Defendants cite two other cases supposedly supporting their position. However, much like Sharp, these cases also involved a forum selection clause contained in an ERISA document concerning claims arising out of that document, thus, these cases do not support defendants' position. See Rogal v. Skilstaf, Inc., 446 F. Supp.2d 334, 335, 337-38 (E.D. Pa. 2006) (holding forum selection clause in ERISA documents required transfer of venue in ERISA action); Schoemann ex rel.
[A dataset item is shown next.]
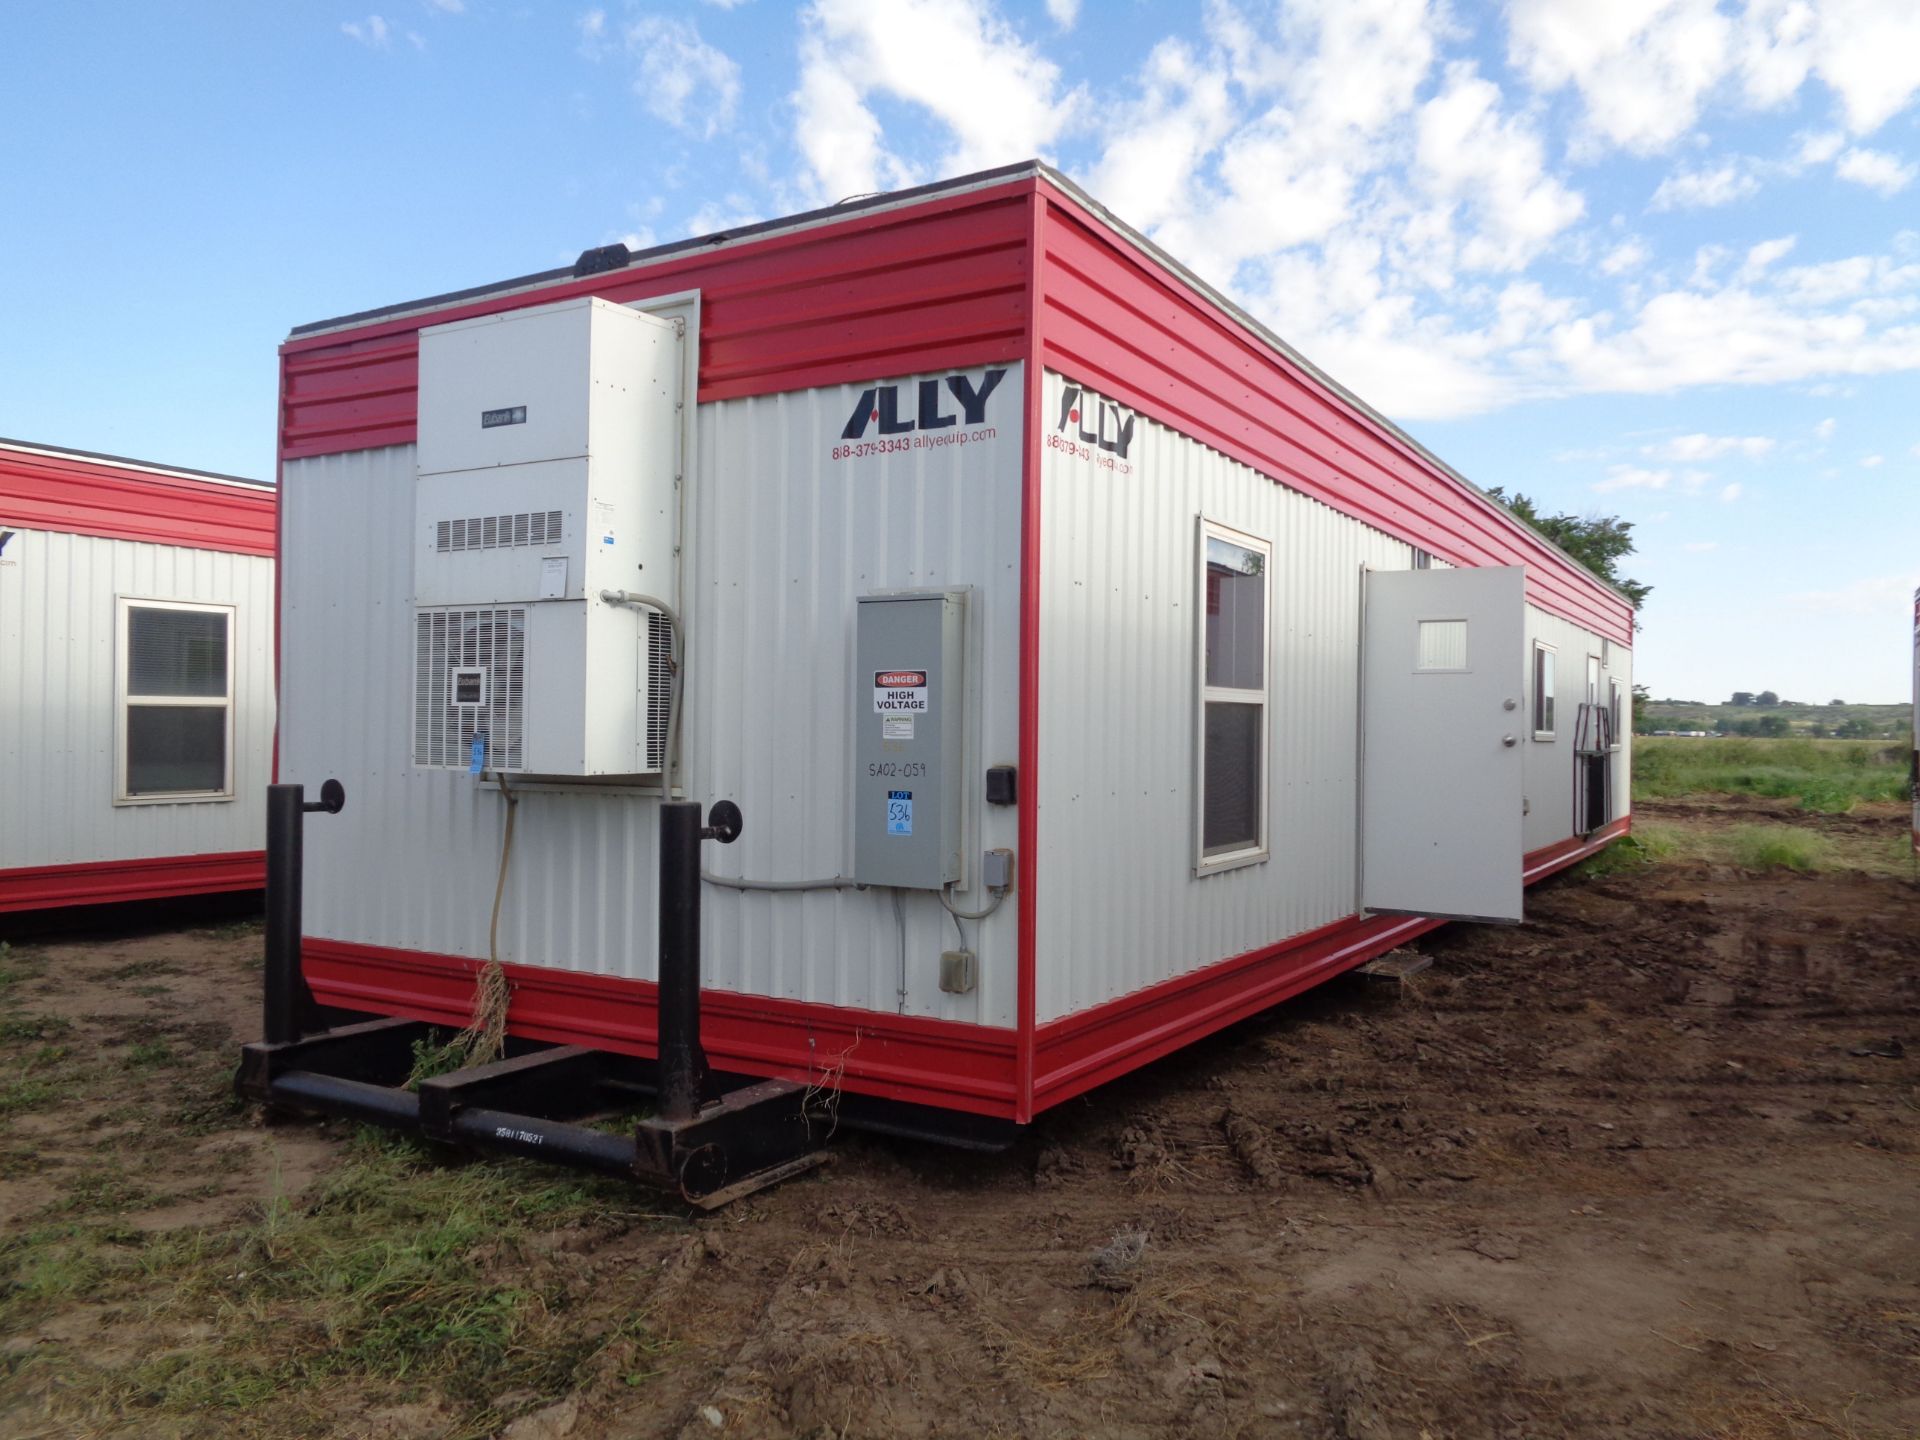 ATCO MODEL 13 X 58 TWO BEDROOM WILL SITE ACCOMMODATION UNIT; BUILT 2011, S/N 358117052, (2)

Schoemann v. Excellus Health Plan, Inc., 447 F. Supp.2d 1000, 1006-07 (D. Minn. 2006) (holding forum selection clause in ERISA plan document required transfer of case from Minnesota to New York when the case arose out of and related to the ERISA plan).
The court recognizes the presumptive validity of forum selection clauses when applied to particular contract and certain non-contract actions. See Sharp, 2010 WL 4291644, at *1 ("Where claims are intertwined with the underlying obligations in the contract which contains the forum selection clause, the clause may apply even to tort claims."); see also Carnival Cruise Lines, Inc. v. Shute, 499 U.S. 585, 596-97 (1991). Nevertheless, that presumption exists only to the extent the claims arise, at least in part, out of the document containing the forum selection clause. See Sharp, 2010 WL 4291644, at *1-2; see also Your Town Yellow Pages, L.L.C. v. Liberty Press, L.L.C., No. 3:09-CV-0605-D, 2009 WL 3645094, at *5 (N.D. Tex. Nov. 2, 2009) (holding forum selection clause contained in Credit Agreement inapplicable because the claims, trademark infringement and unfair competition, among others, did not arise under the agreement). Because these claims do not arise out of the Employment Agreement containing the forum selection clause, the clause is inapplicable and the court need not address plaintiffs' other arguments contesting the applicability of the clause.
IT IS ACCORDINGLY ORDERED this 25th day of May 2011, that Defendants' Motion to Dismiss for Improper Venue (Dkt. No. 7) is denied.